> [TASK ITEM]: Starting at the line that contains "トヨタ自動車×アカリク 博士・PD限定 特別選考会", print each line exactly through the end of the listing. Skip any pictures and add nothing.

> [DATA EXCERPT]:
╭──
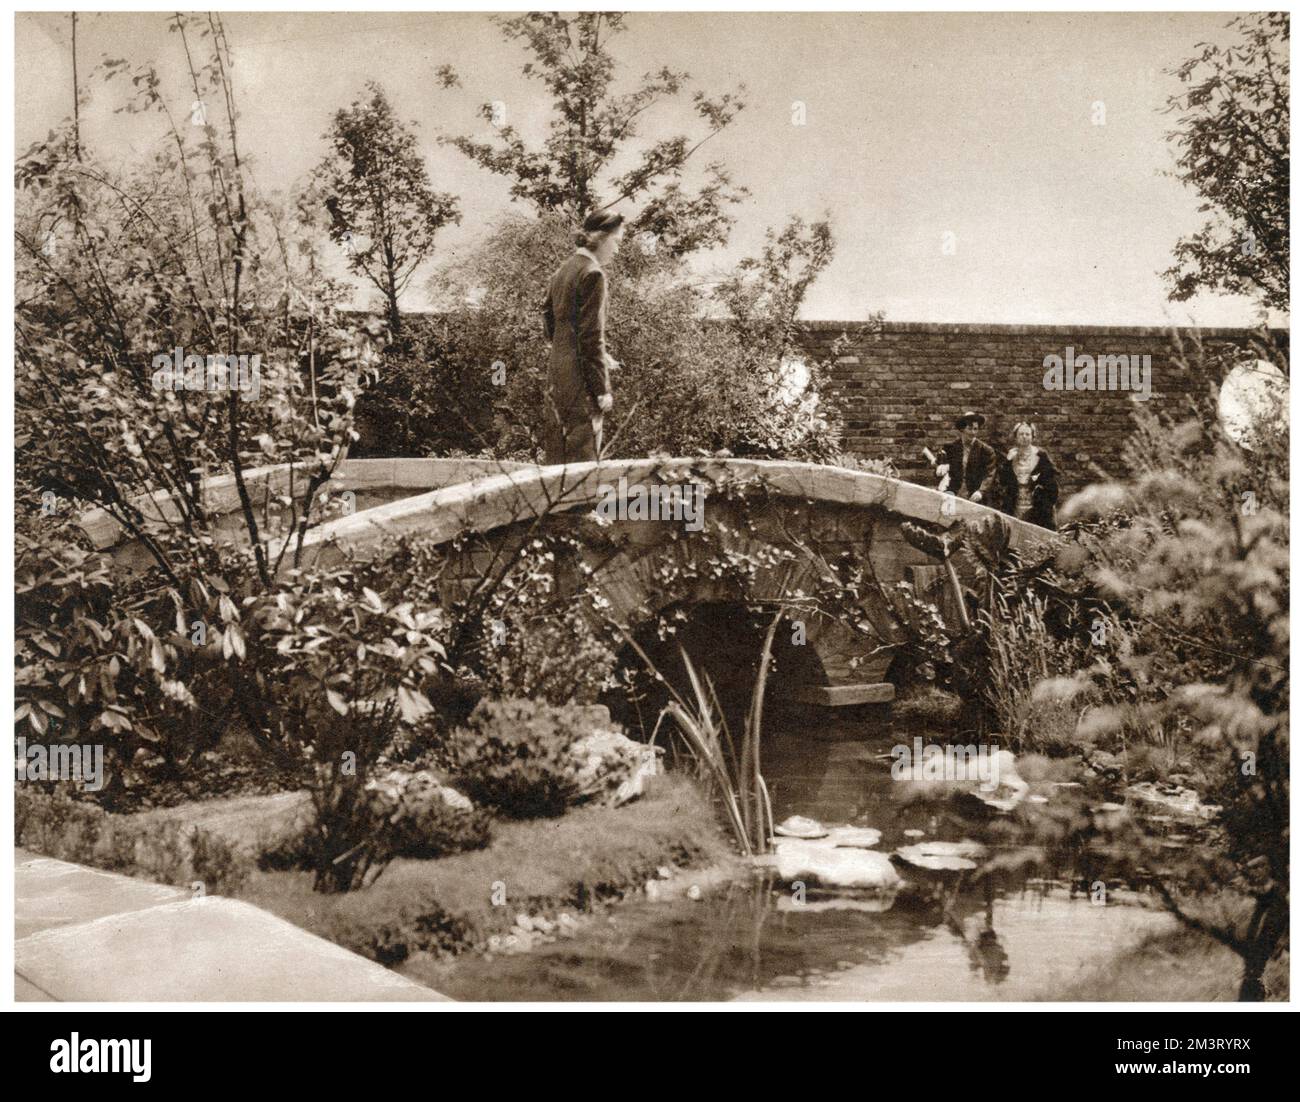 Un pont en pierre enjambant le ruisseau entouré d'arbres dans le jardin Old English, partie du jardin sur le toit au sommet de Derry et Toms sur Kensington High Street, Ouvert en 1938 et accessible par le public qui a payé un shilling pour l'entrée amassant de l'argent pour le Queens Institute of District Nursing. Date: 1938 Banque D'Images
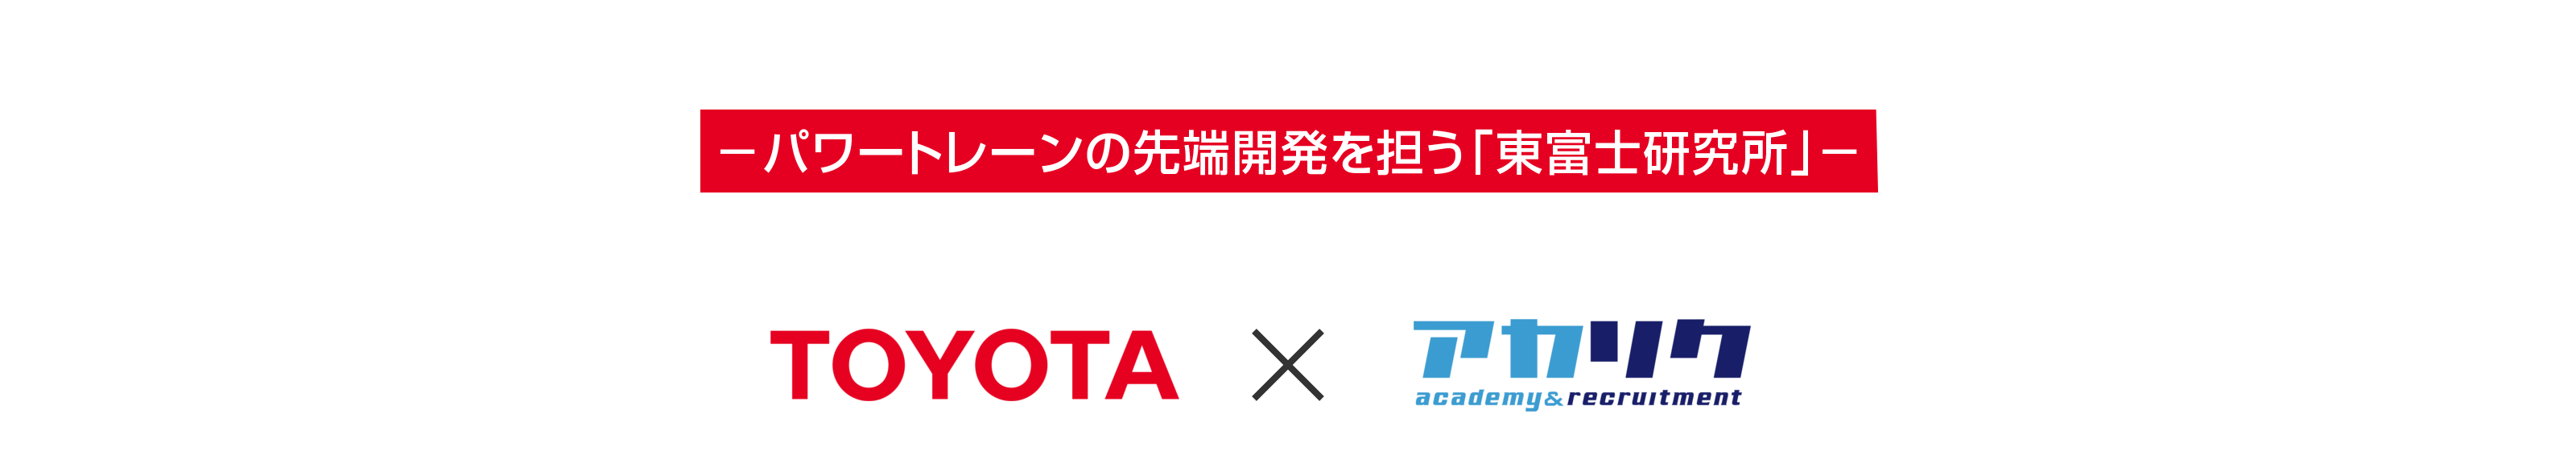 トヨタ自動車×アカリク 博士・PD限定 特別選考会
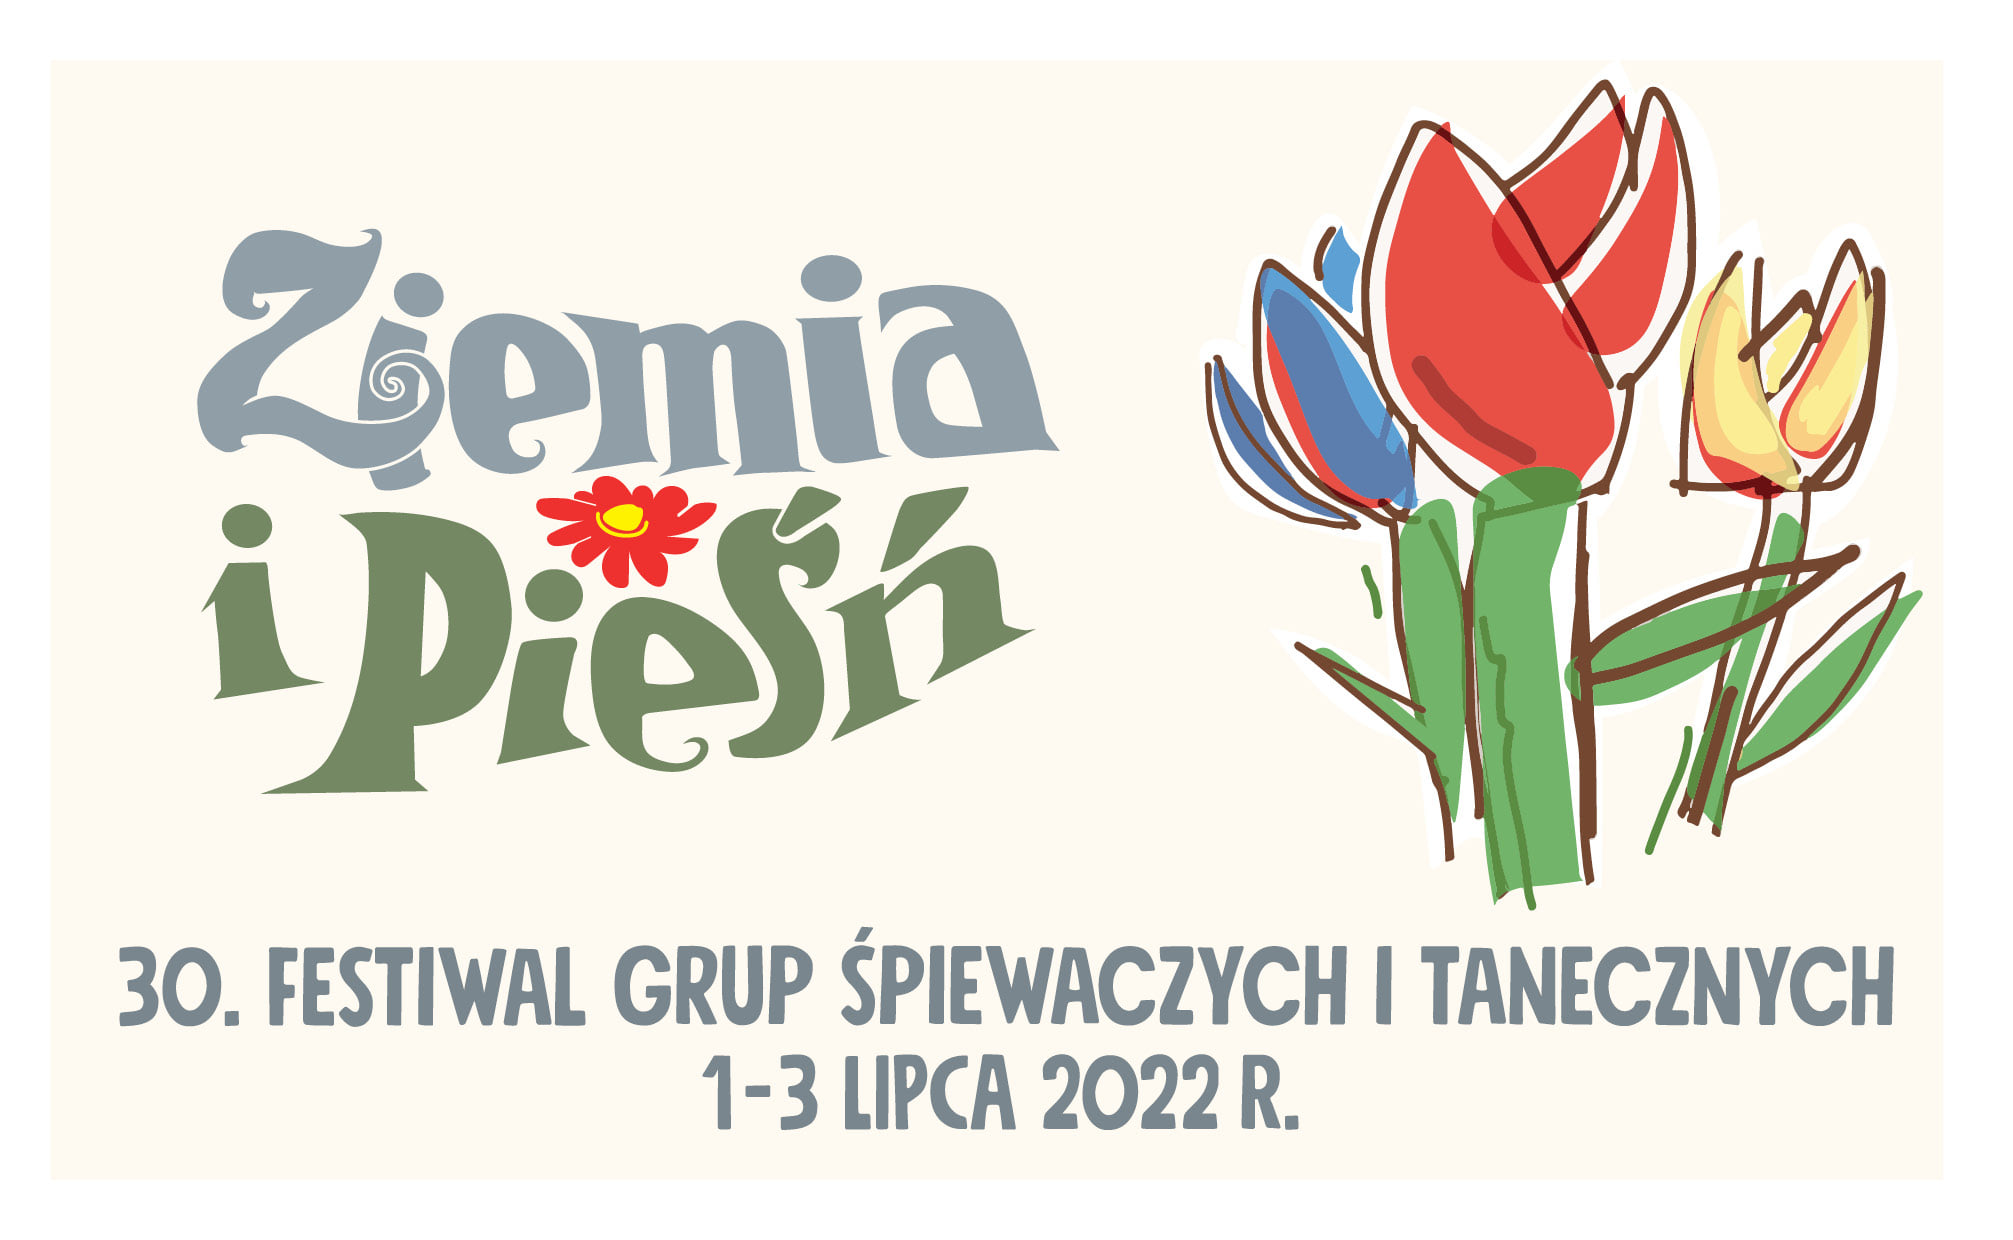 Festiwal Ziemia i Pieśń
╰──
> [ANSWER SPACE]:
 トヨタ自動車×アカリク 博士・PD限定 特別選考会
 Festiwal Ziemia i Pieśń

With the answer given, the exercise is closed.